Schulten: Absolutely! I would definitely caution against a rash romanticised notion of a neighbourhood. Creating this kind of ideal neighbourhood – one where dynamic office-based businesses sit alongside owner-run hotels with microliving apartments, attracting young professionals who go for a few drinks at the local bar after work – is a long process requiring constant improvement. The management costs are also high. Without putting too fine a point on it, it's much easier to manage a single-use area. The bottom line is that mixed-use urban neighbourhoods also have to make economic sense – and that's where asset management and property management come in. These services are vital to ensure that any improvements also increase the actual economic value of the neighbourhood. For me, flexible, medium-sized businesses are perfectly placed for this, as it's impossible to plan a complete neighbourhood in advance.
Do you think there are any underestimated asset classes within neighbourhoods?
Schulten: For me, the most overlooked are modern residential concepts around serviced apartments, particularly for the elderly.

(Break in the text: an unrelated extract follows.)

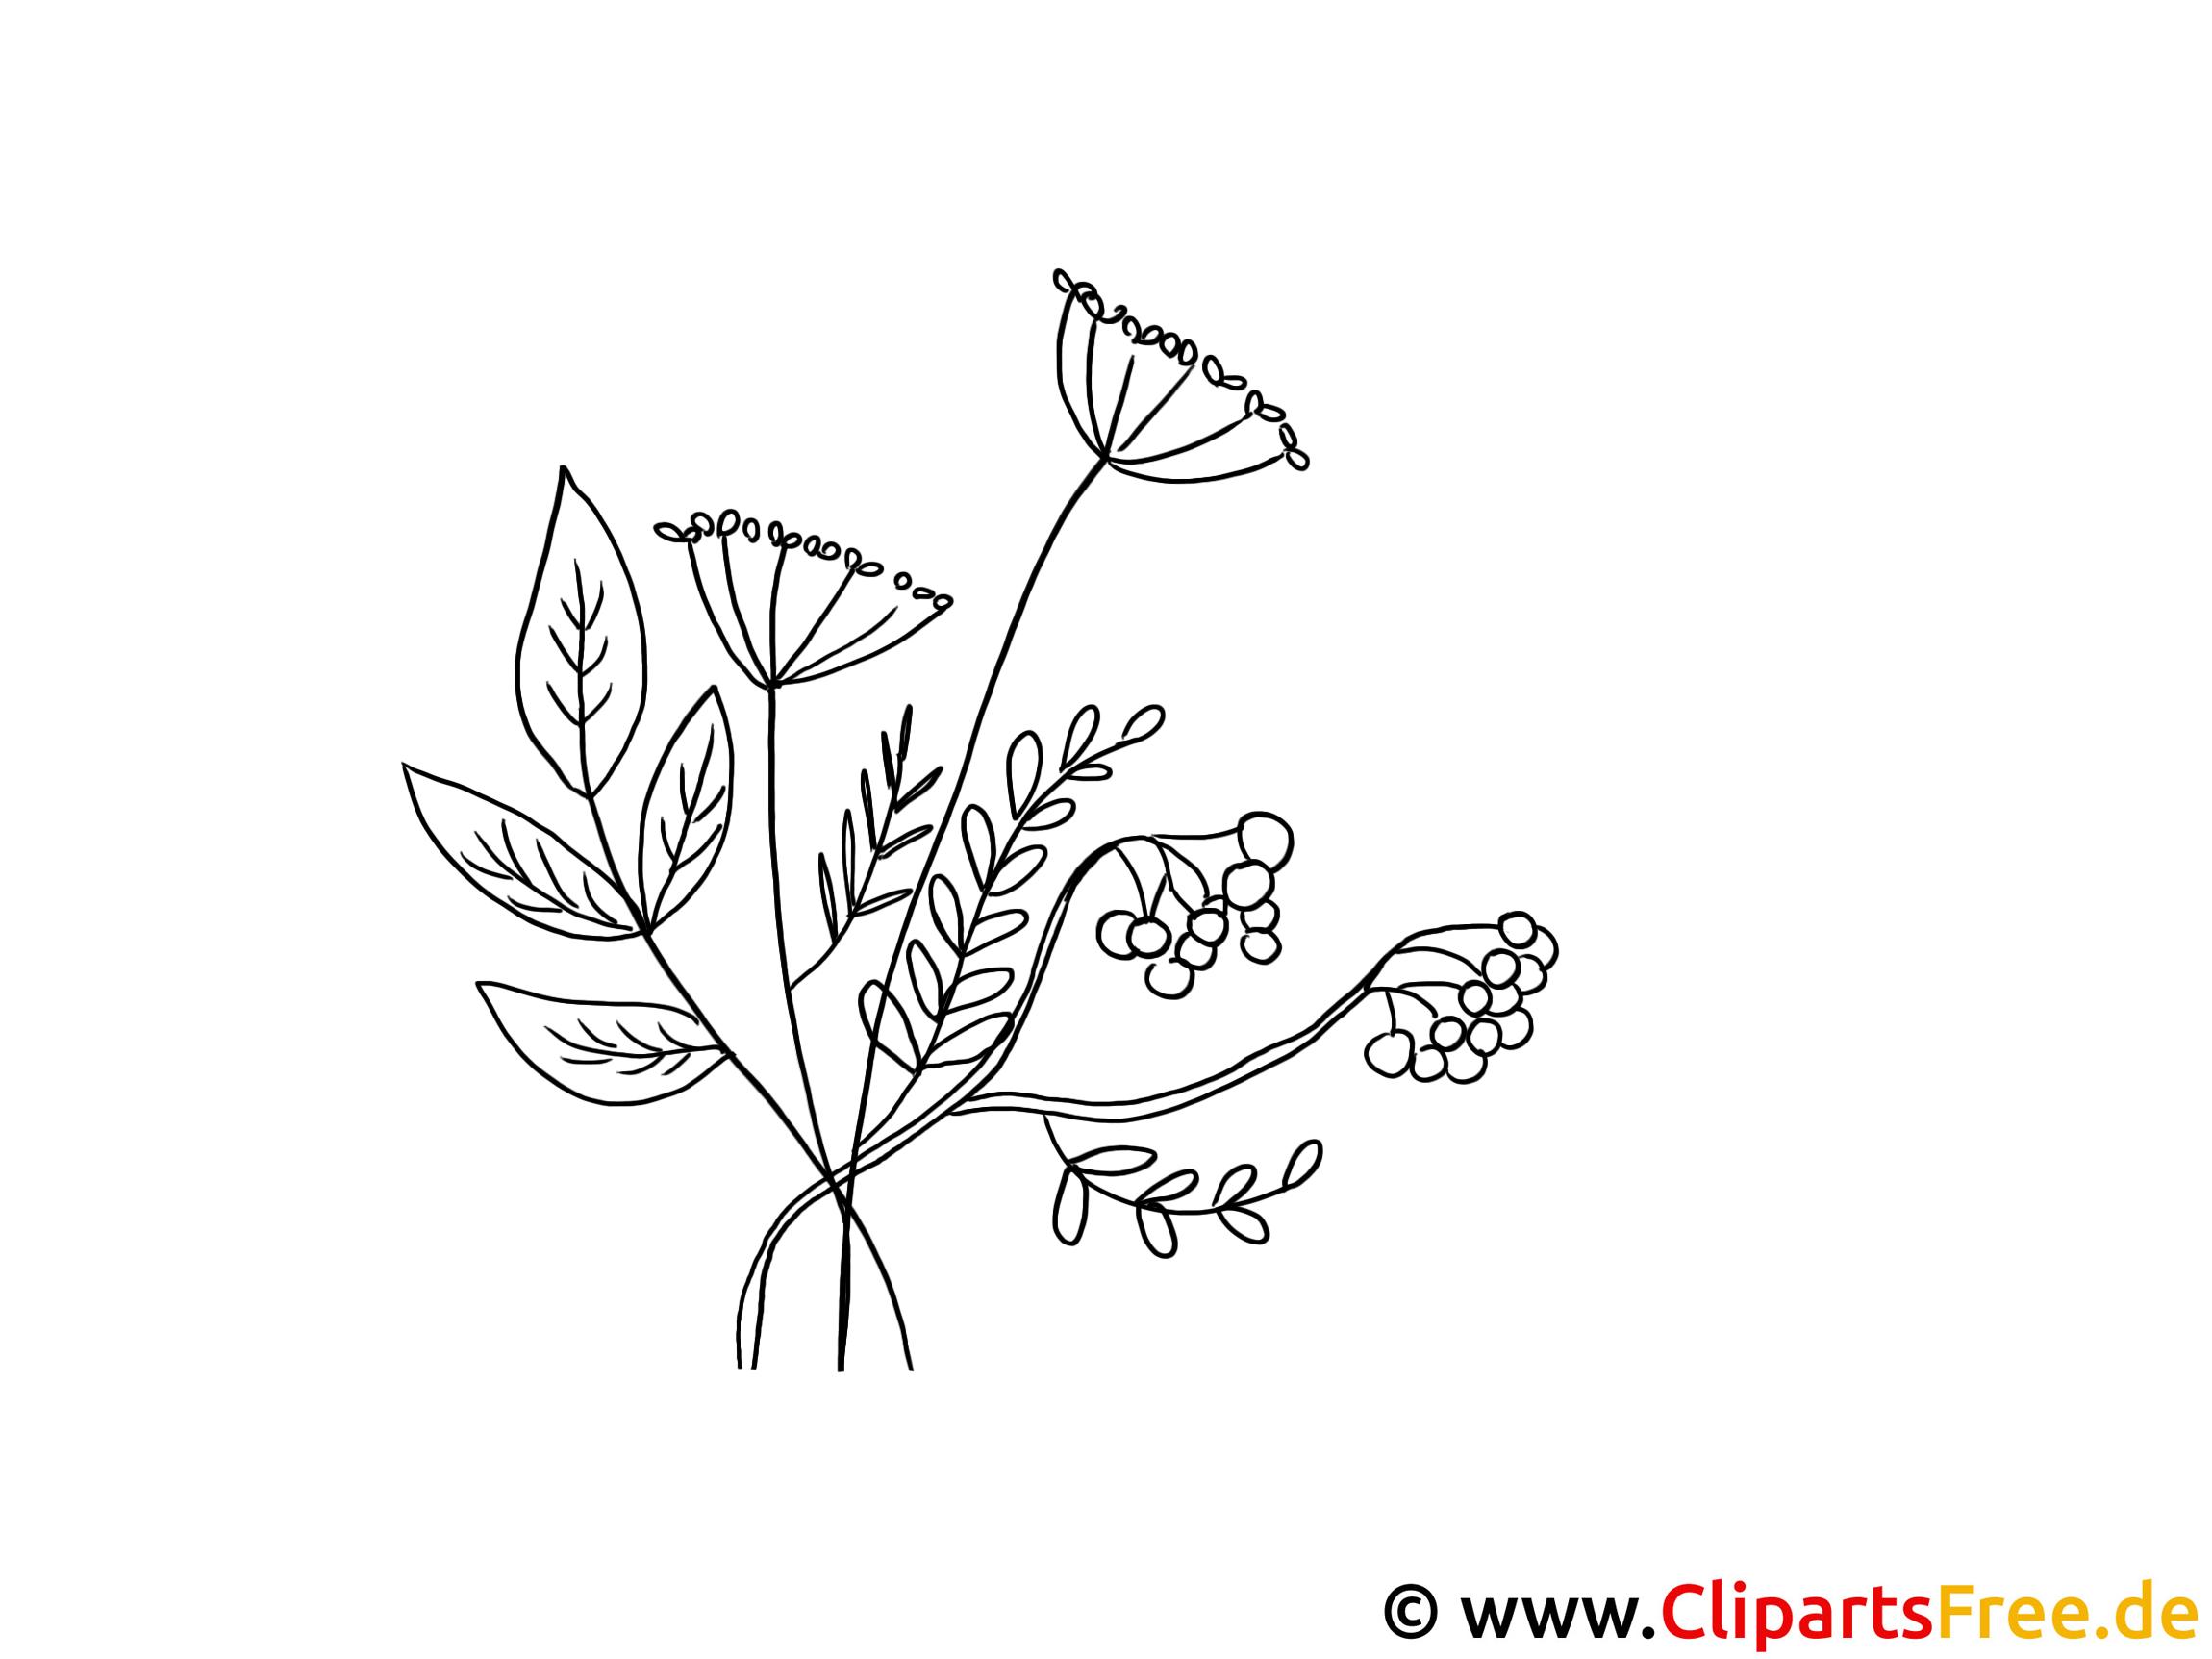 Herbstblumen Bild zum Ausmalen gratis

And also care facilities. According to bulwiengesa's calculations, Germany alone needs to create 472,000 additional places in new and modernised care homes and 470,000 residential units for assisted living. The market for this potentially amounts to almost 150 billion euros.
In recent times, institutional investors and project developers have increasingly started teaming up on joint ventures. How does this work for each side?
Schulten: For project developers it's all about stability and having the confidence to plan ahead. Time and again, we hear stories from the market of developers having to make sometimes significant recalculations when awarding contracts to their main contractor. The financial situation I eluded to at the start can also prove very challenging. A joint venture partner alleviates this by providing the all-important capital and also – in an ideal case – allowing for more flexibility. For investors, the track record of their potential partners is becoming more important than ever. What they want to know is: Has the developer demonstrated that they really understand the location and asset class? And if the answer is yes, then this lays an important foundation for a win-win outcome for both sides.
Is the situation similar for fund investments or are there other factors to consider?
„Has the developer demonstrated that they really understand the location and asset class? If the answer is yes, then this lays an important foundation for a win-win outcome for both sides.“
Andreas Schulten, Chief Representative, bulwiengesa AG
Schulten: Of course, the track record of the fund manager matters. But, in my opinion, a stable management structure is more important. In the DACH property sector, we have seen examples of rapid, and sometimes chaotic, management change as well as examples of long-term continuity. It's also important to take a close look at the portfolios, as older funds that are managed less actively will have a certain amount of legacy assets, most of which are not well suited to current usage requirements. Ultimately, functional structures and flexibility are more important than a portfolio of impressive architecture where the underlying real estate is unadaptable. And I'll say it again, active management is king.